Nothing but the lines below from the one holding "Mutations in Multiple" up to and including the one holding "Sanitary pads frame" should be copied, exactly and without pictures.

(Beginning of DATA LISTING)

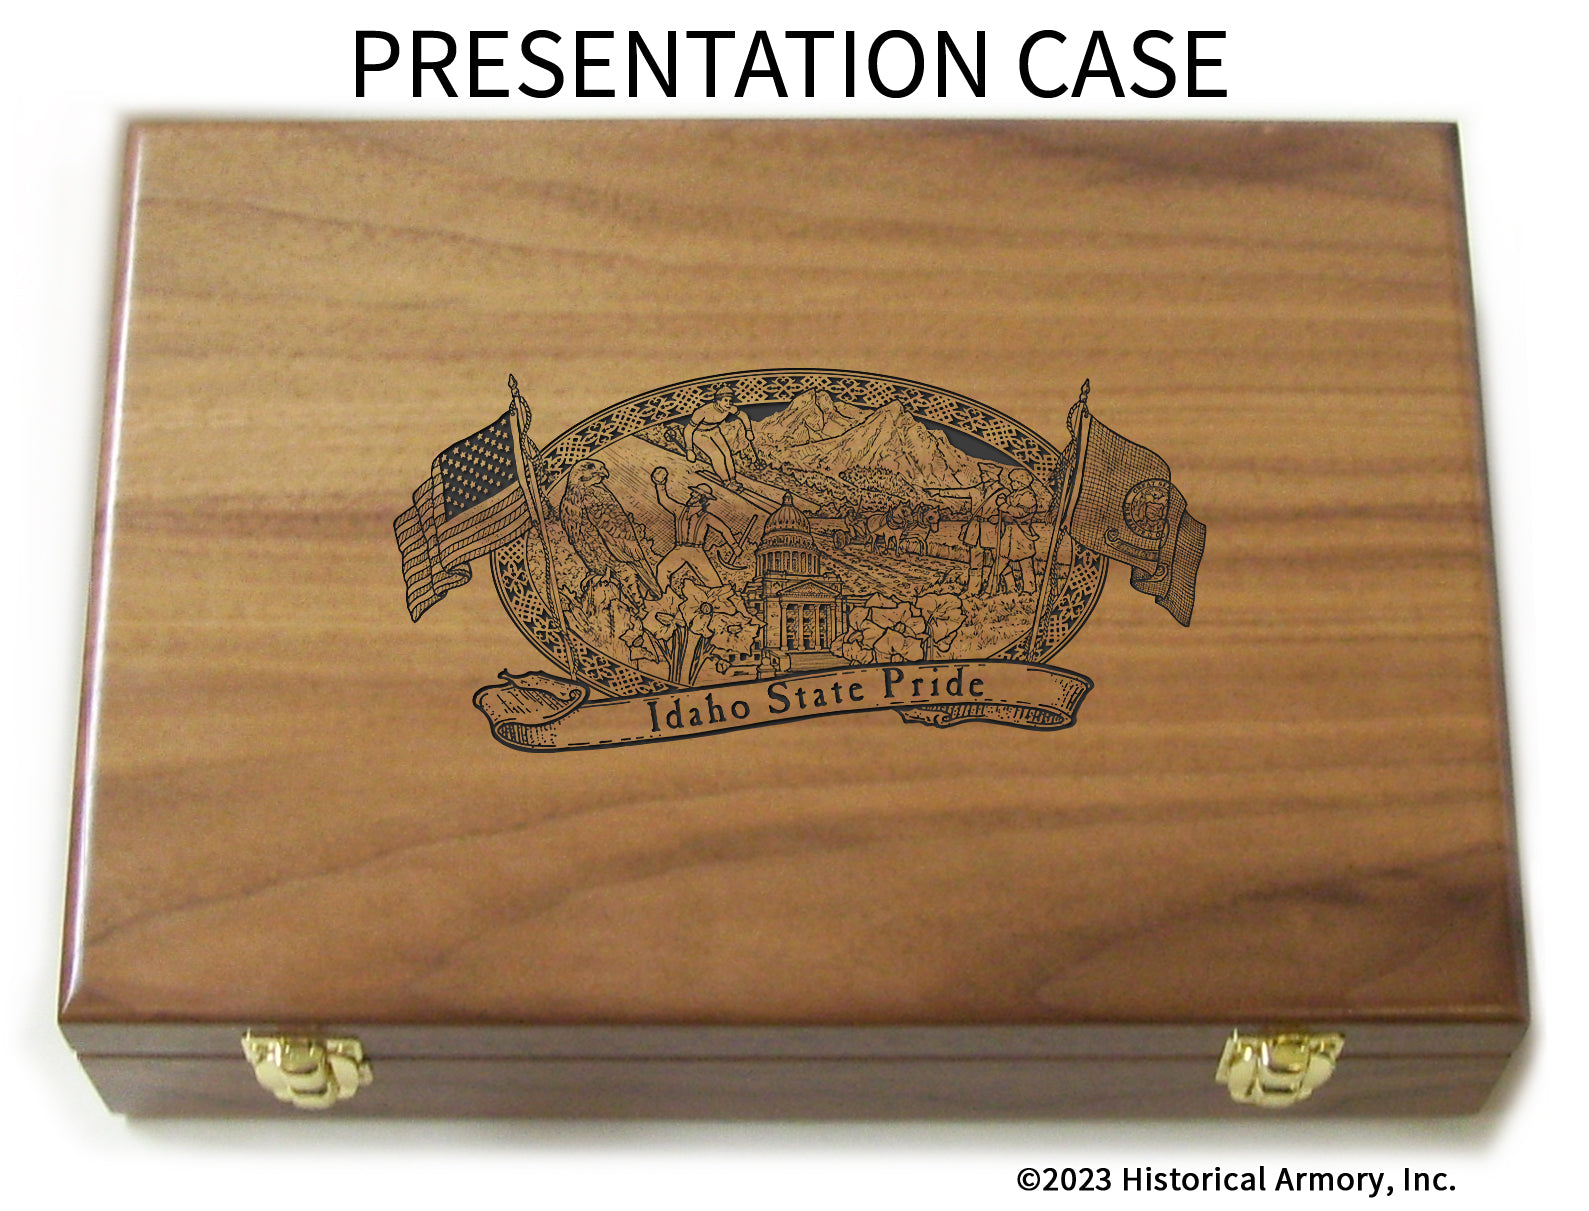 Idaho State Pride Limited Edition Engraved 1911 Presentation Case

(End of DATA LISTING)
(Beginning of DATA LISTING)

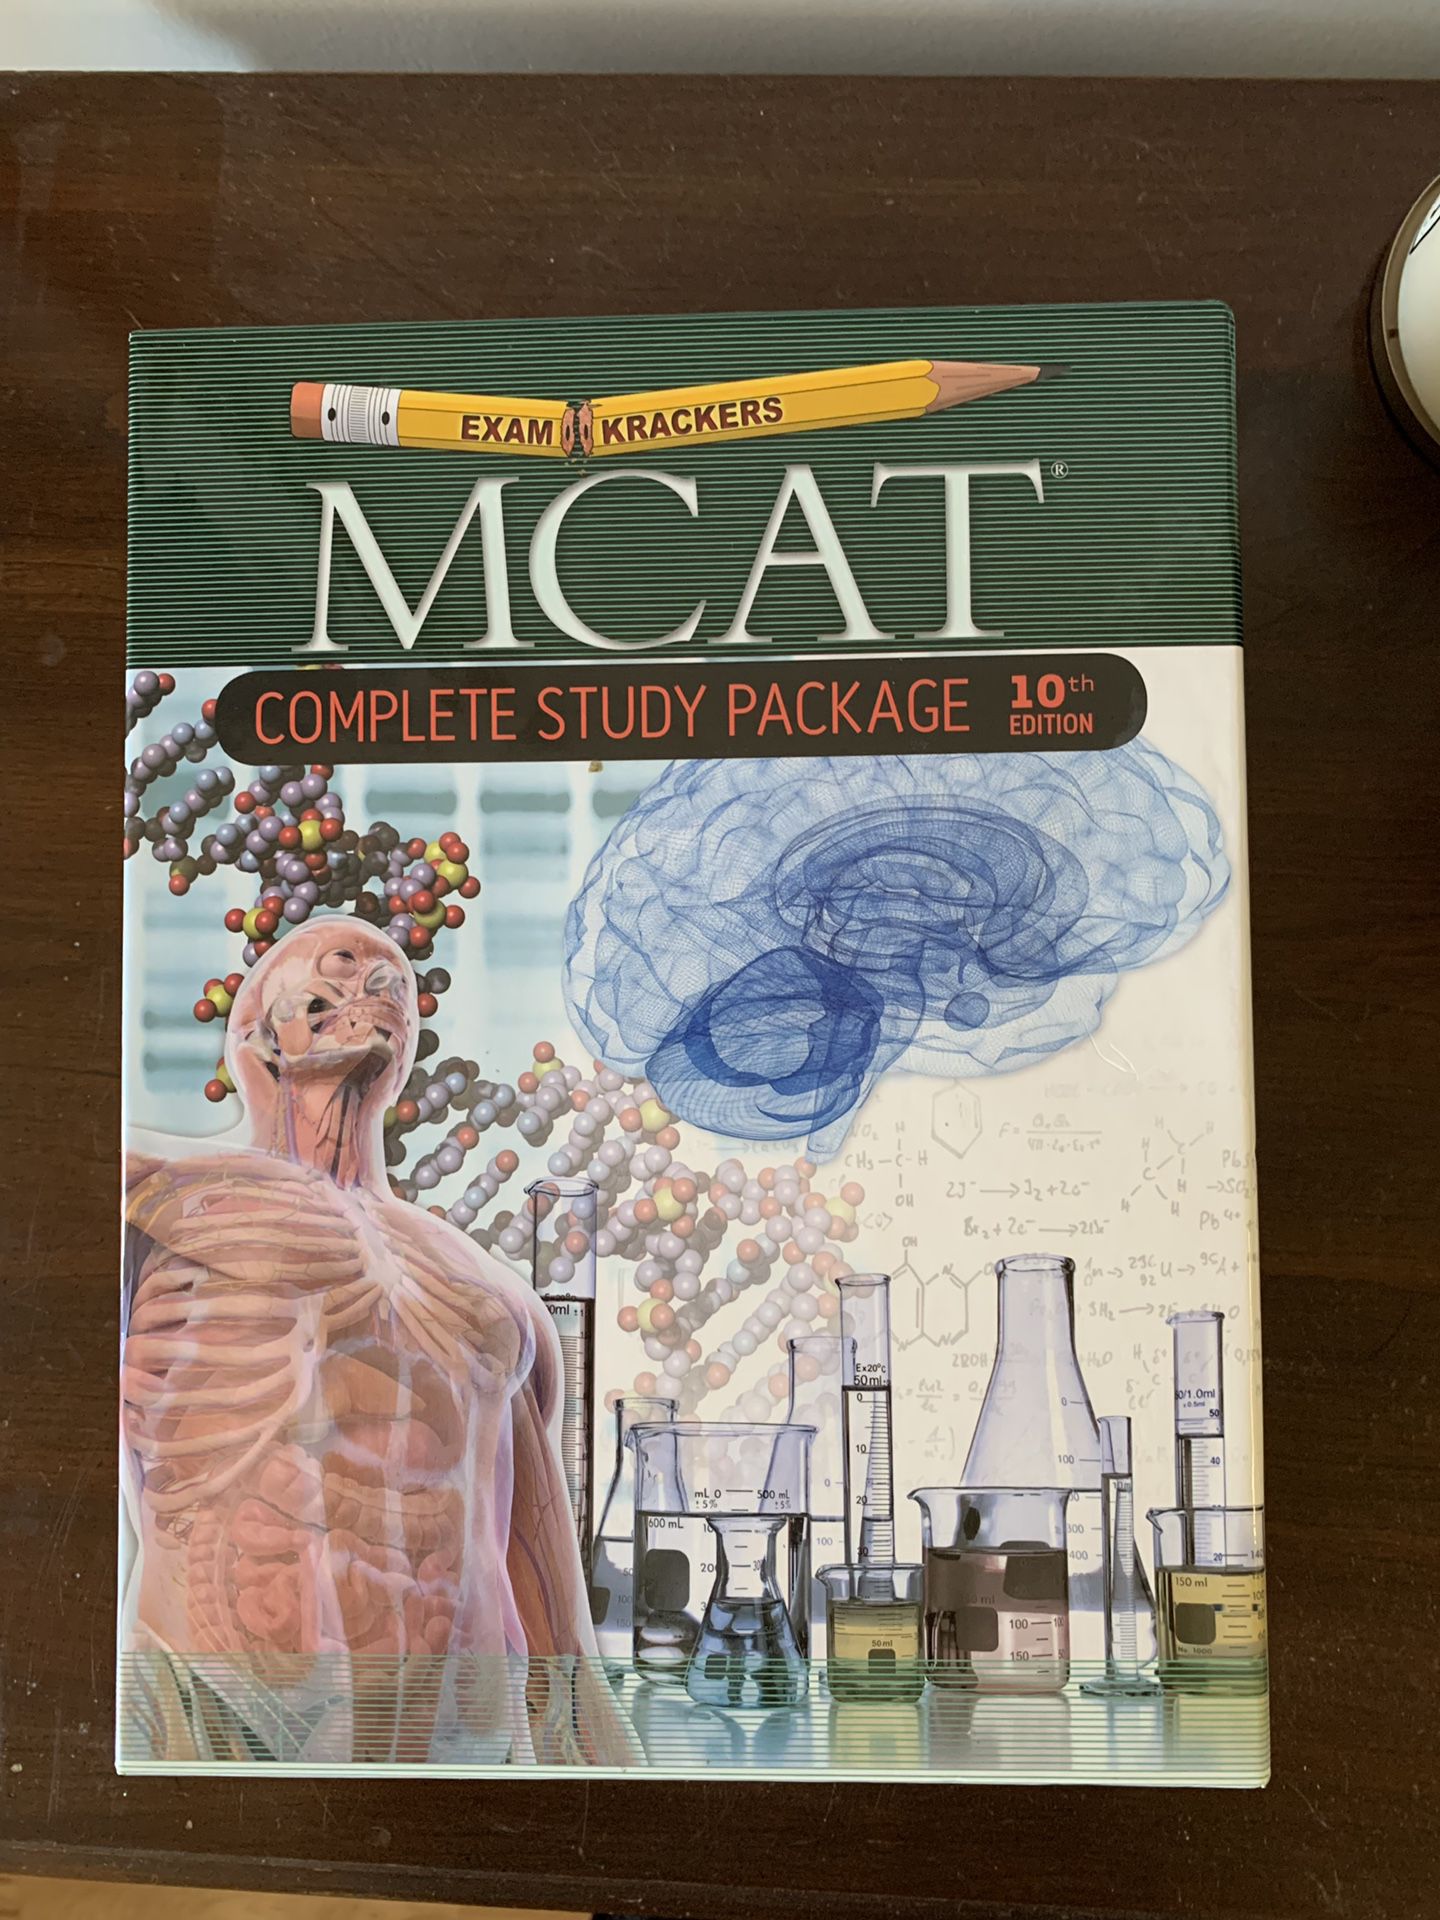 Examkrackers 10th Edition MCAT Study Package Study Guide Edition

(End of DATA LISTING)
(Beginning of DATA LISTING)

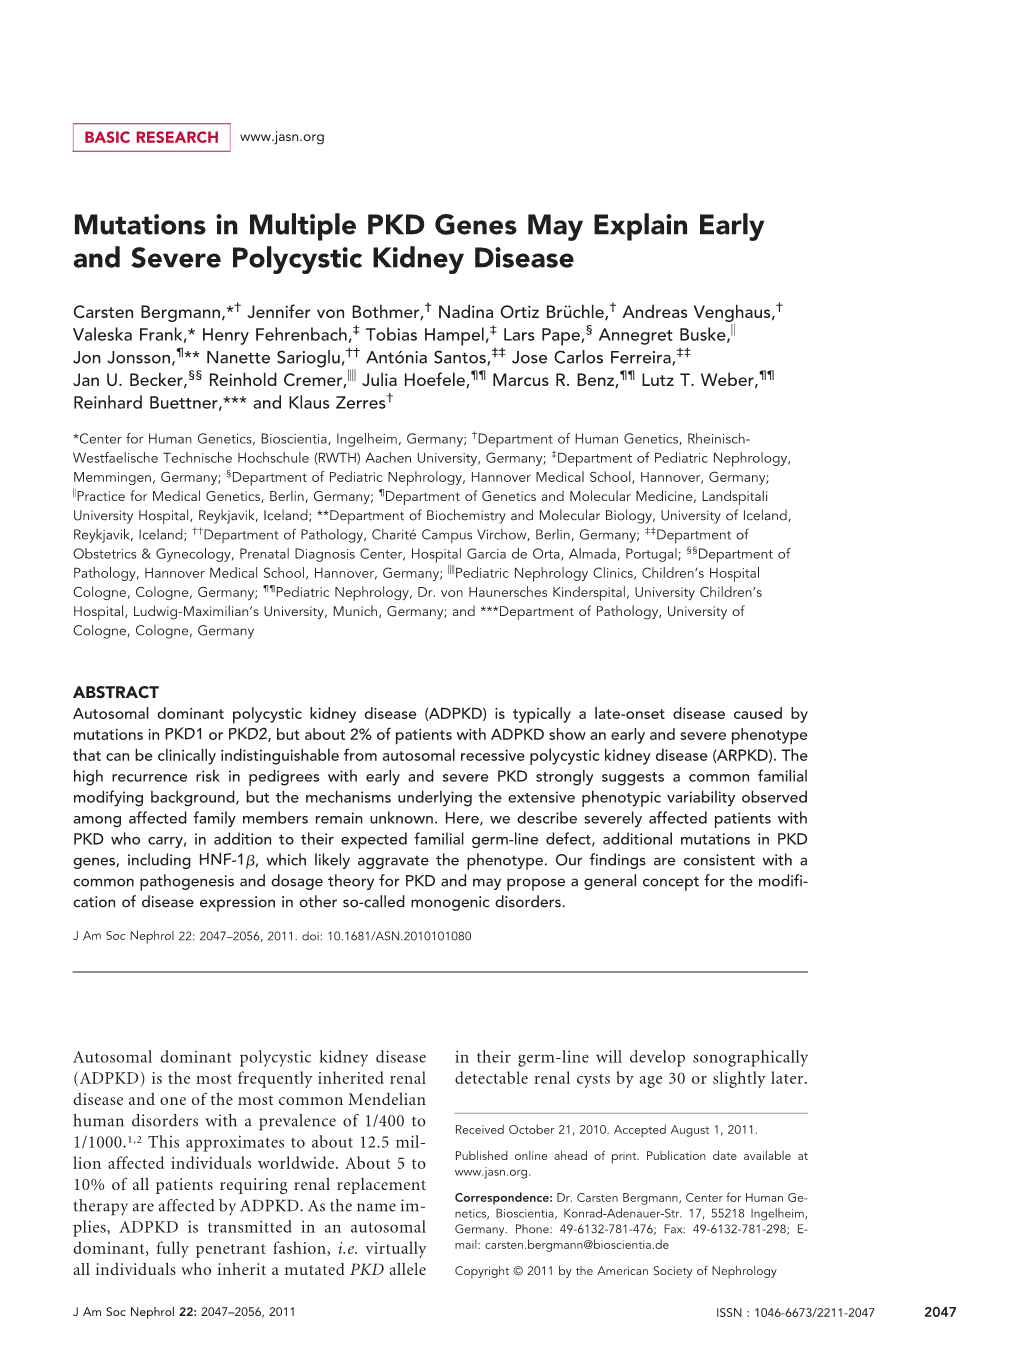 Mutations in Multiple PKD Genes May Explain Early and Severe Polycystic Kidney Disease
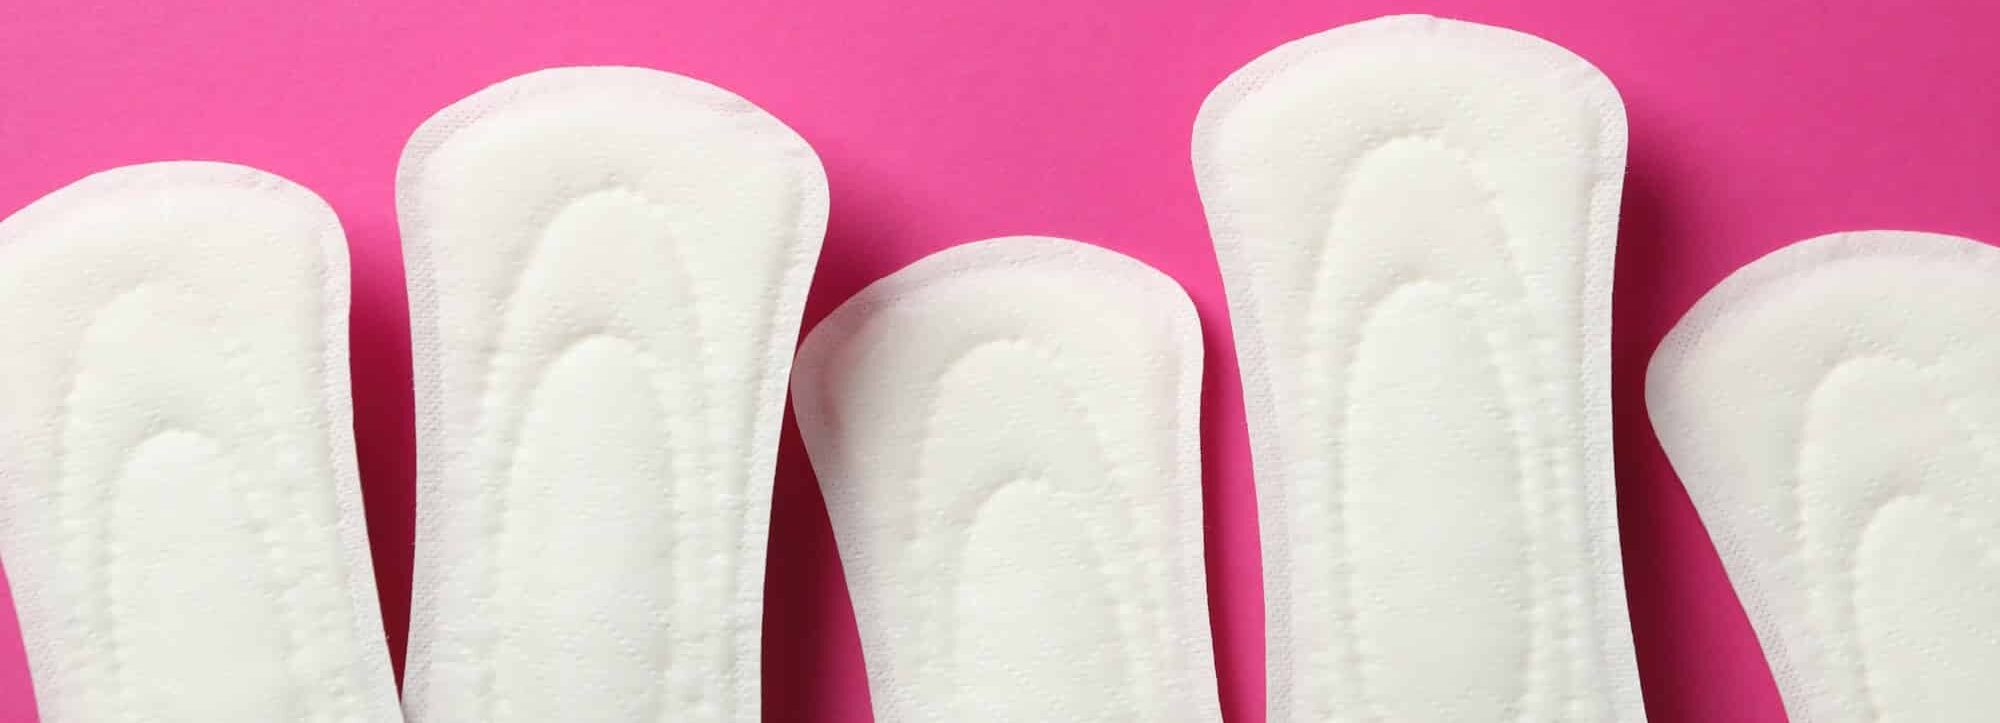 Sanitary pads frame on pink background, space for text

(End of DATA LISTING)

> **EXPECTED ANSWER**:
 Mutations in Multiple PKD Genes May Explain Early and Severe Polycystic Kidney Disease
 Sanitary pads frame on pink background, space for text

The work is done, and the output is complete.